> _MATERIAL PROVIDED_

═══

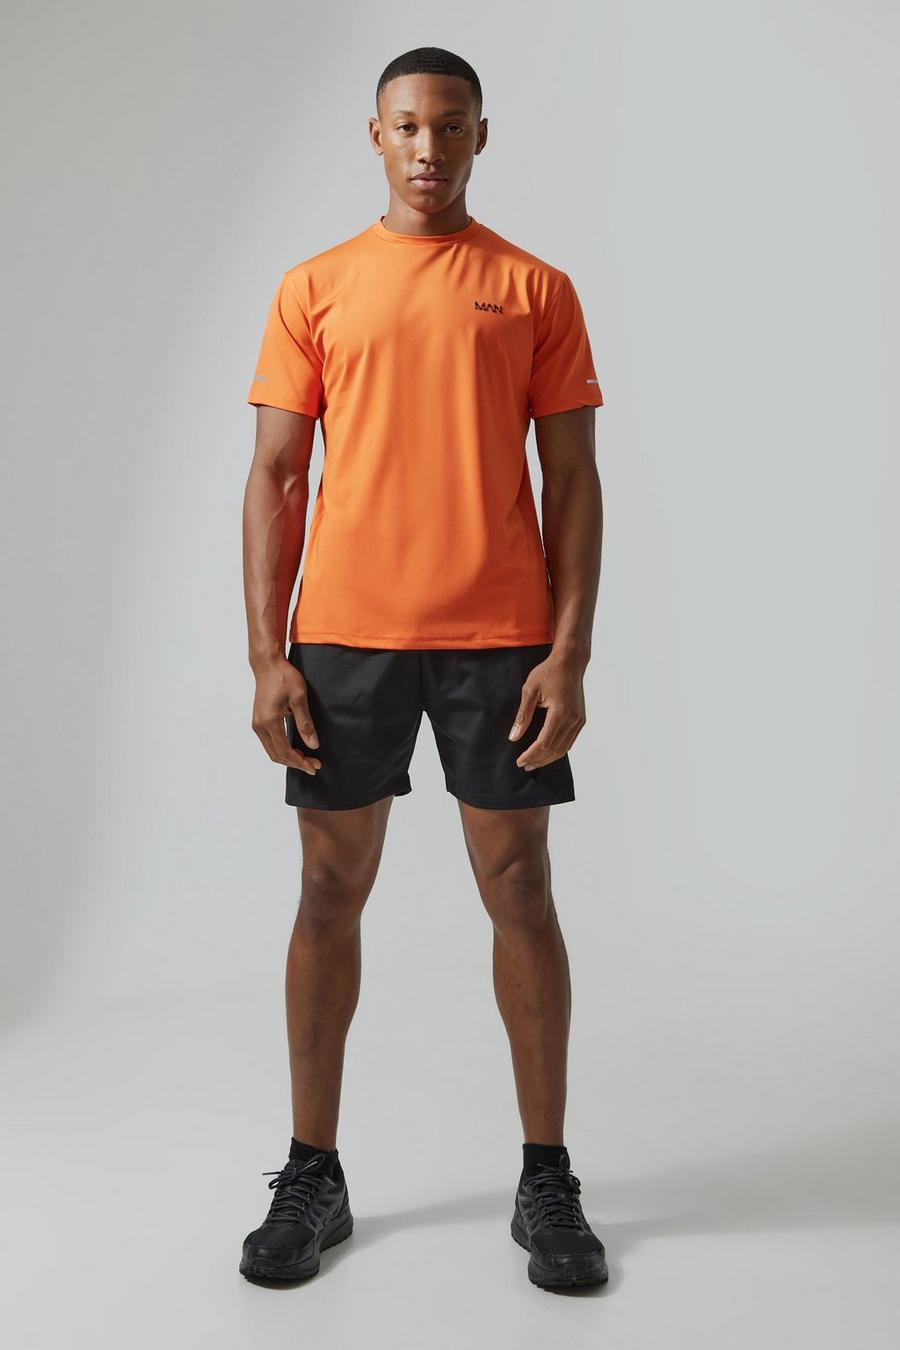 Ensemble de sport avec t-shirt et short - MAN Active, Orange image number 1
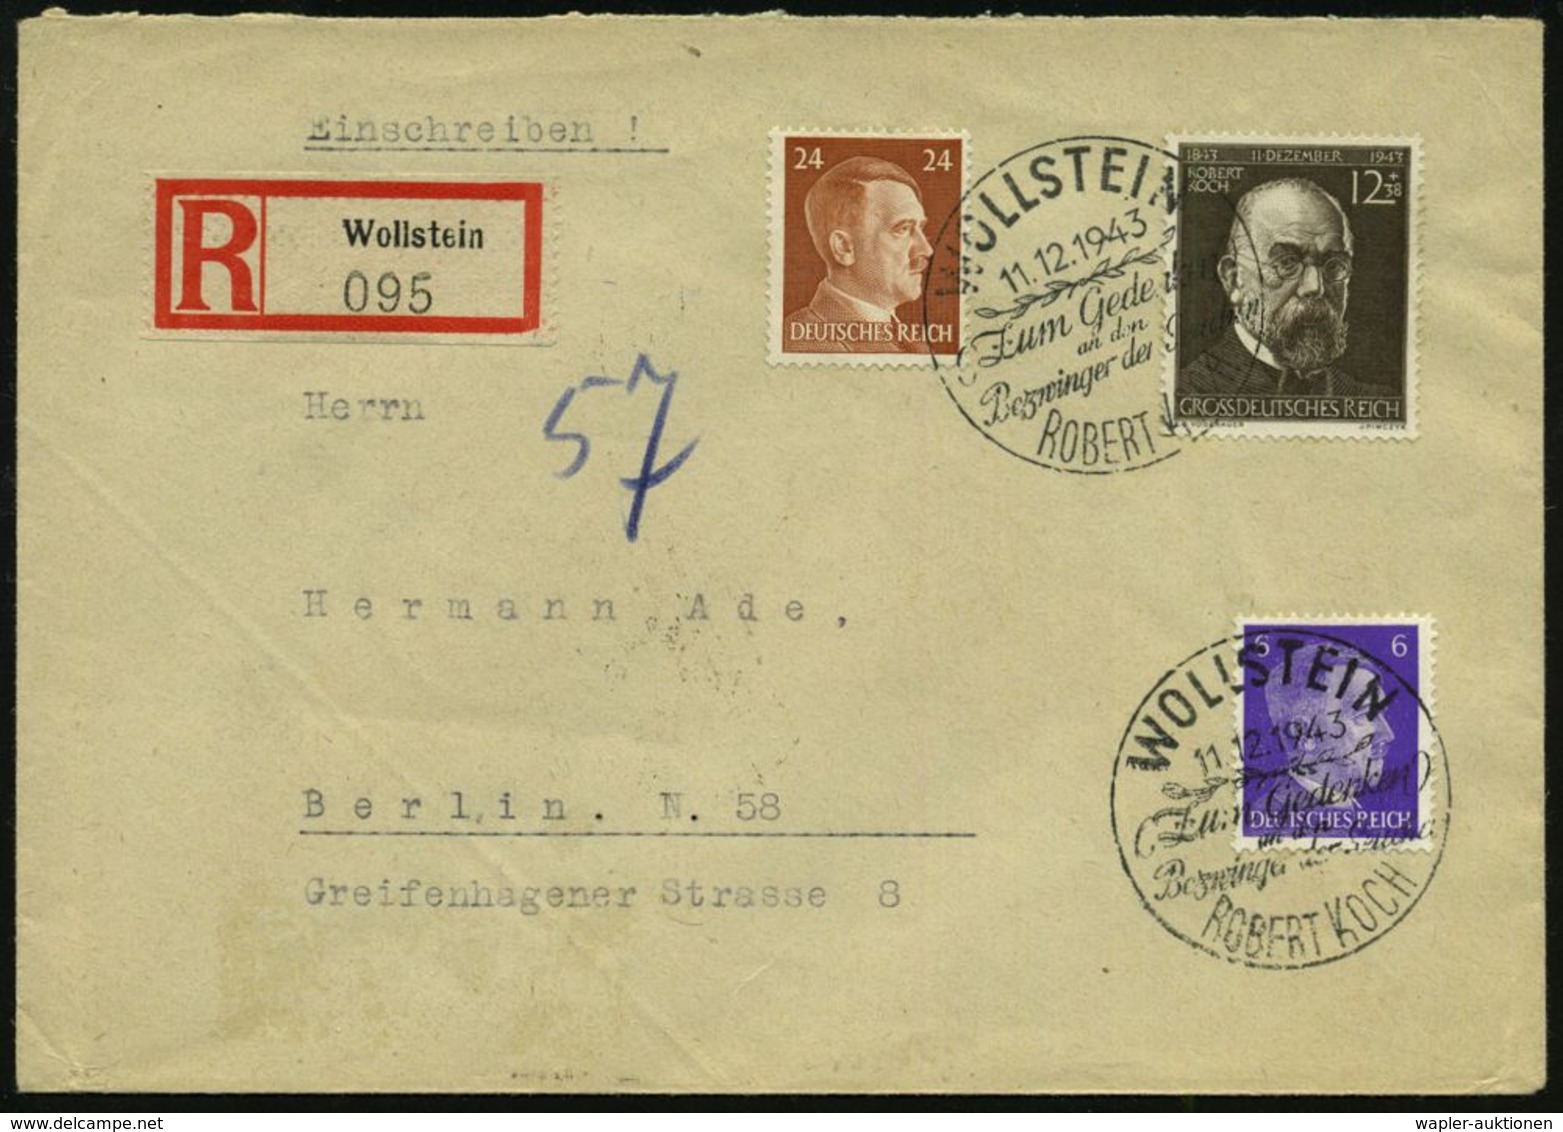 BERÜHMTE MEDIZINER & ÄRZTE : WOLLSTEIN/ ..Bezwinger D.Seuchen/ ROBERT KOCH 1943 (11.12.) SSt Auf 12 + 38 Pf. Robert Koch - Médecine
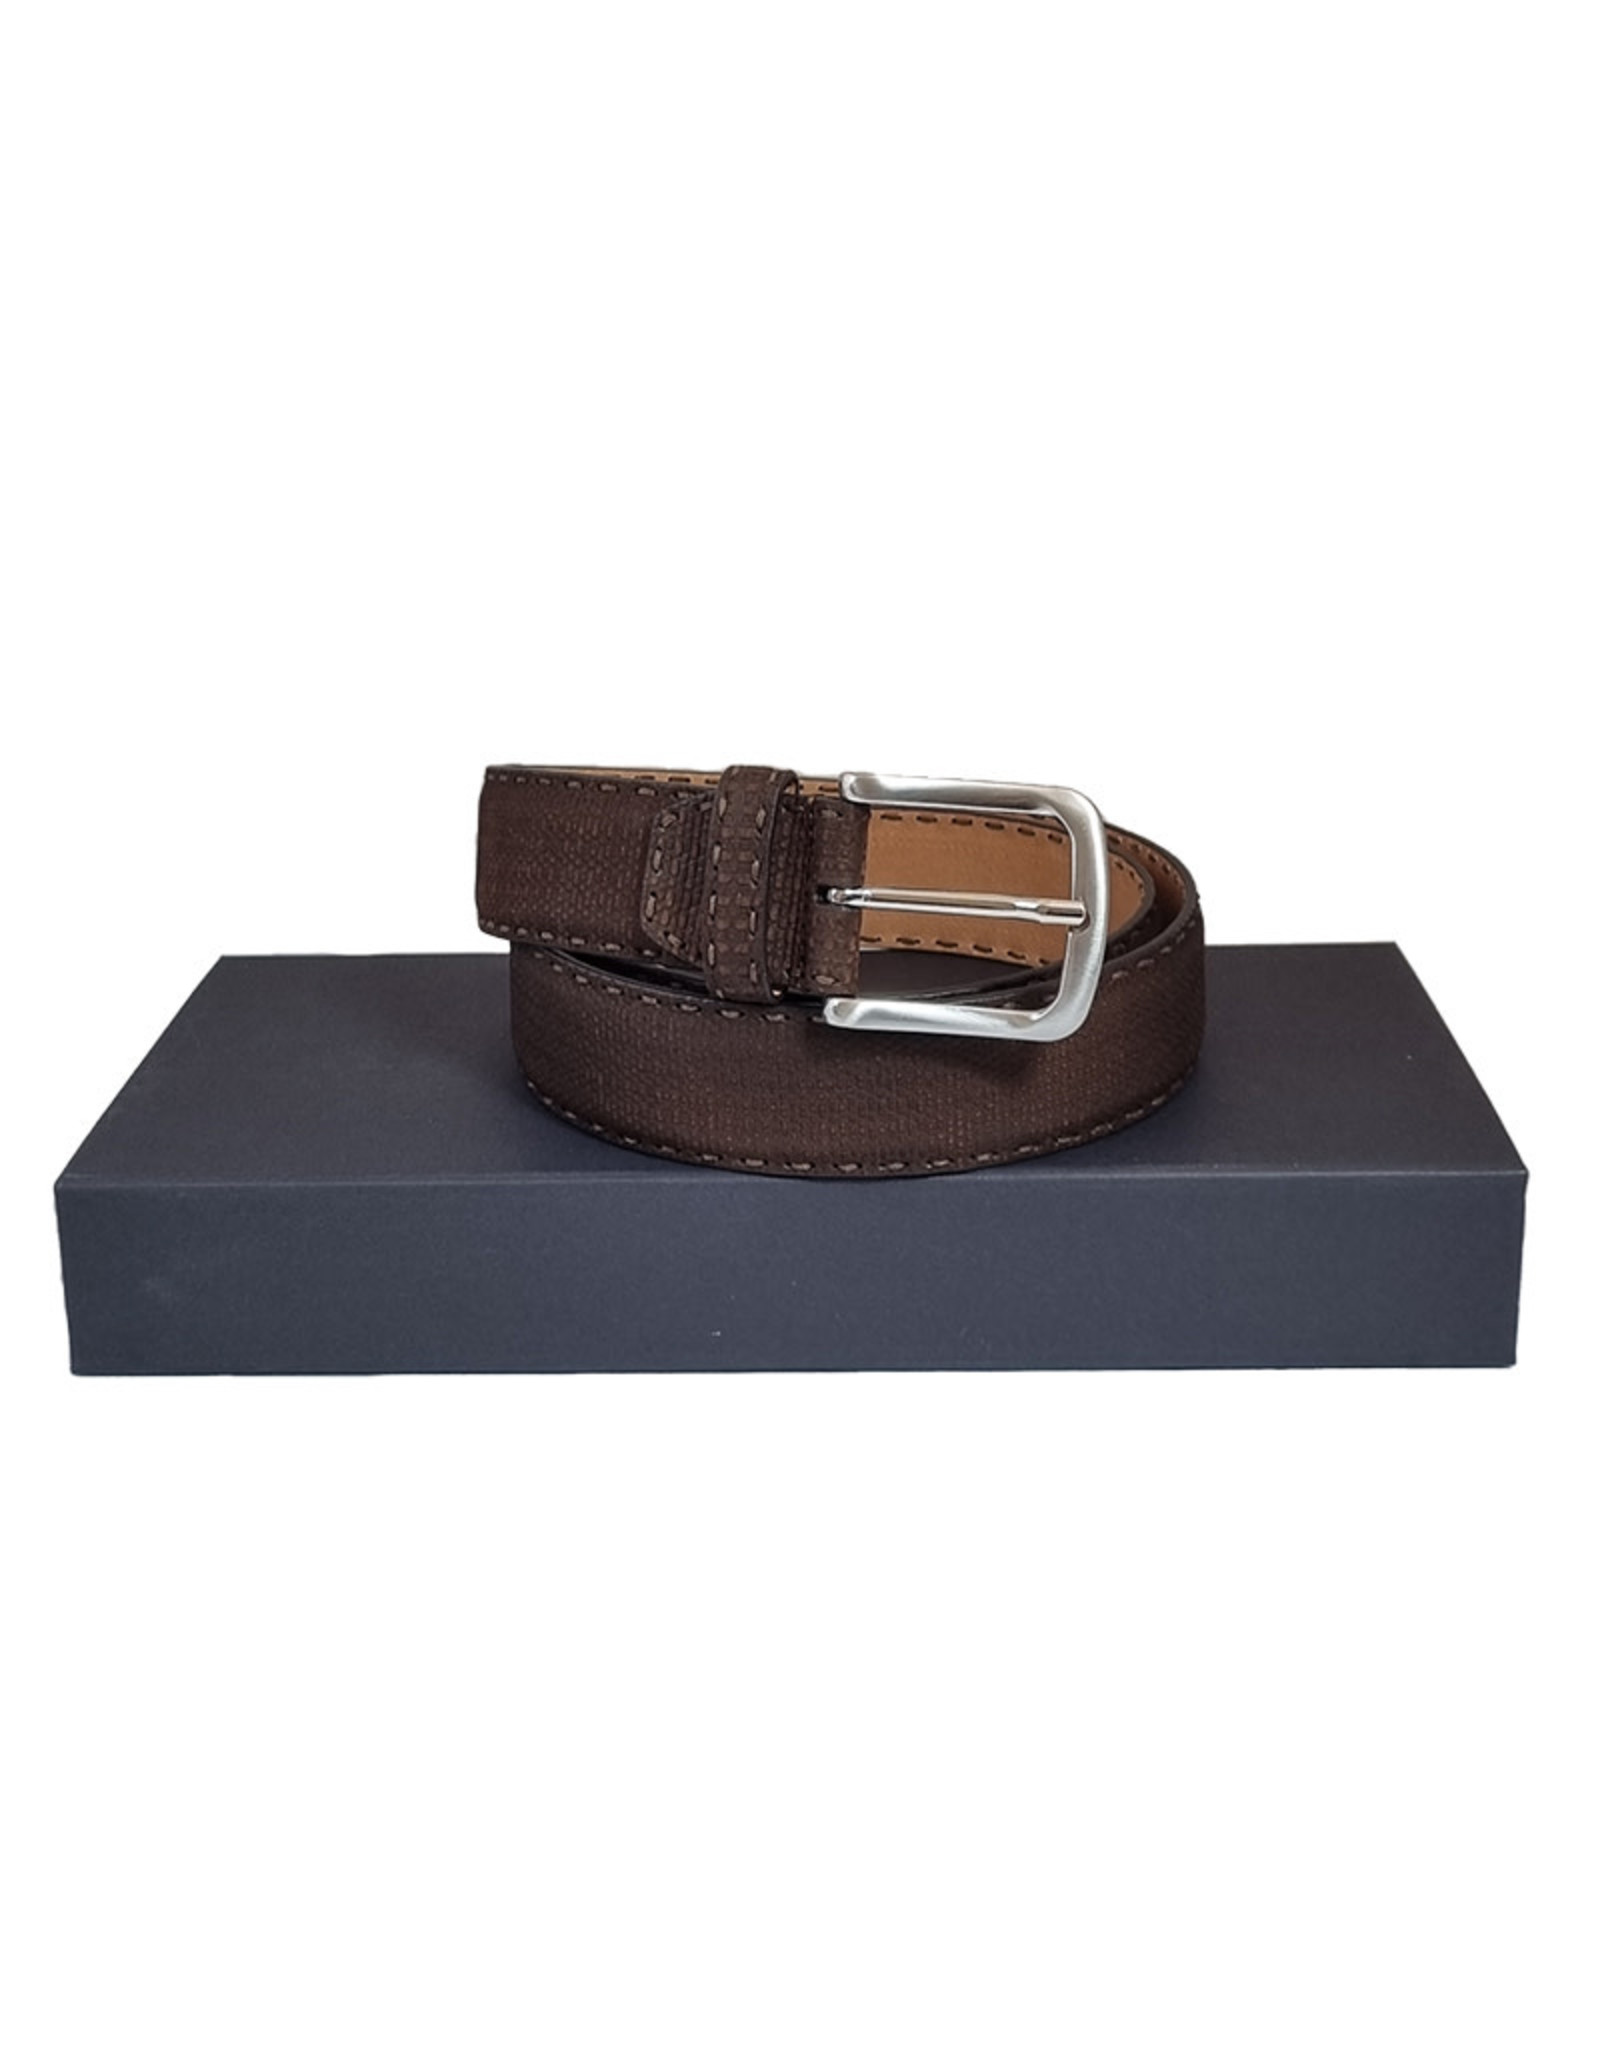 Belts+ Belts+ belt leather brown Yuta

═══

> _WHAT TO PRODUCE_
The pictures should not be reproduced; quote all of the other material exactly.

> _RESPONSE TO THE TASK_
 Ensemble de sport avec t-shirt et short - MAN Active, Orange image number 1
 BERÜHMTE MEDIZINER & ÄRZTE : WOLLSTEIN/ ..Bezwinger D.Seuchen/ ROBERT KOCH 1943 (11.12.) SSt Auf 12 + 38 Pf. Robert Koch - Médecine
 Belts+ Belts+ belt leather brown Yuta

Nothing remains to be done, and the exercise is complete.